The staff was asked about this and candidly responded that they didn’t know—it was a complex topic with many countervailing forces in play they said.  I think the answer is actually pretty clear as a matter of economics, and based on what happened in Australia, if the time frame is the next few years.  

Consumers are going to end up paying more for checking-account and other services from banks.   There seems to be a consensus on that one.   The argument that consumers aren’t going to get the short end of the stick is therefore based on the claim that merchants are going to pass all of the cost savings on to consumers. So consumers pay higher bank fees but get the money back in lower retail prices.  

This is fairy dust economics. Most merchants aren’t going to pass the reduction in debit-card interchange fees onto consumers in the near term.  Cost reductions get passed on in part to consumers in the textbook model where prices can be easily and costlessly changed.
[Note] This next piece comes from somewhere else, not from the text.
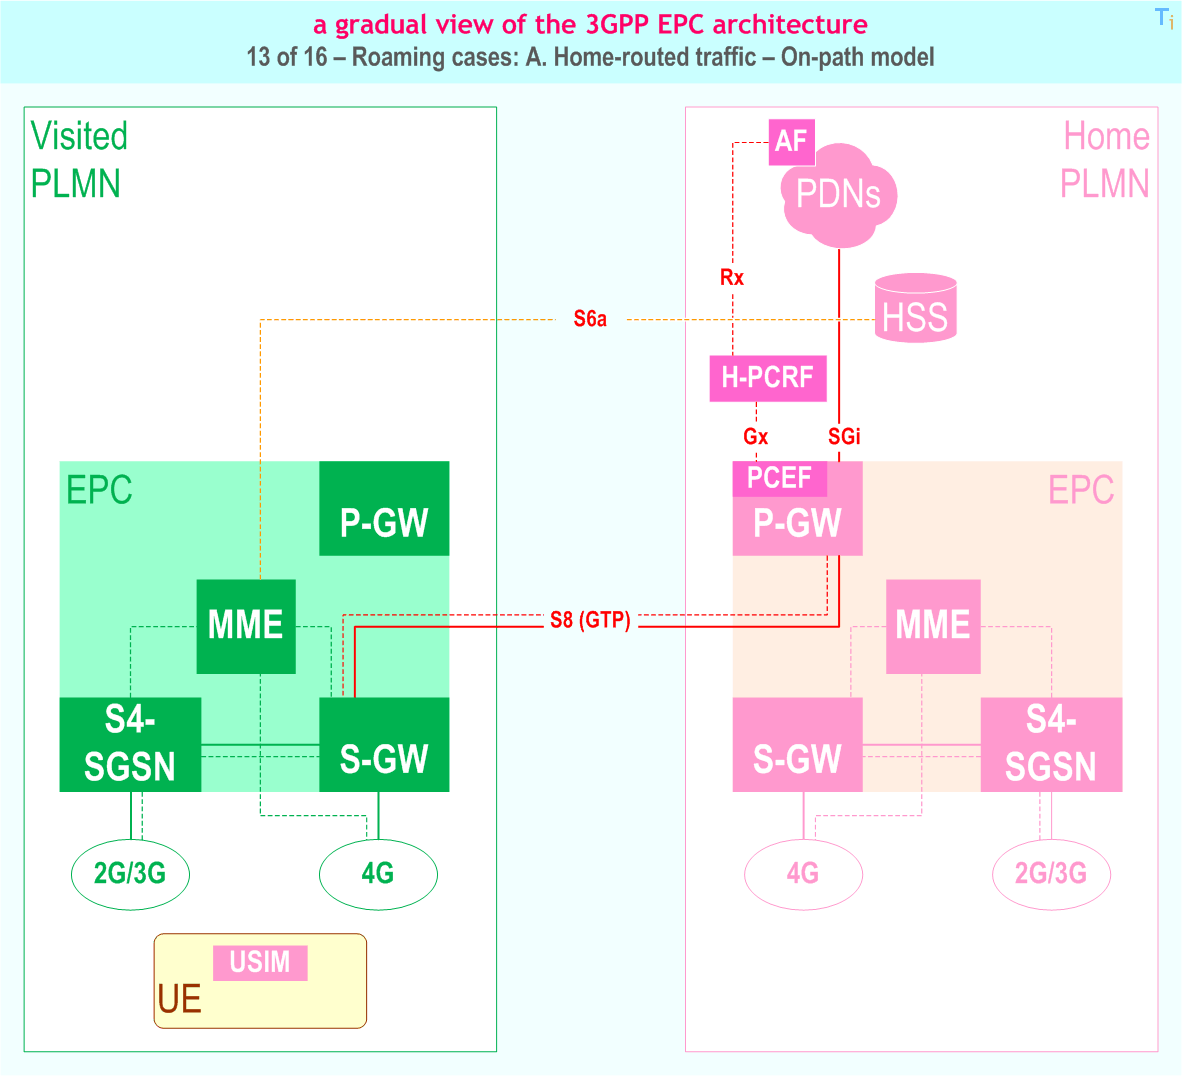 Gradual view of the 3GPP EPC (Evolved Packet Core) architecture - 13 of 16 - EPC Roaming: Home-routed traffic - on-path model: S8 variant is GTP

In the real world, prices are sticky and they are particularly sticky downwards.  Small changes in the cost of doing business are going to go right to the bottom line for most merchants.  (The most you will hear from the merchants on this point is that the savings are too small to measure.)

Competition will result in some of those costs getting passed on to consumers eventually.  But, if we’re looking at the next couple of years, I don’t think there is any doubt that the proposed rules will lead to more than a multi-billion dollar transfer of income annually from consumers to retailers.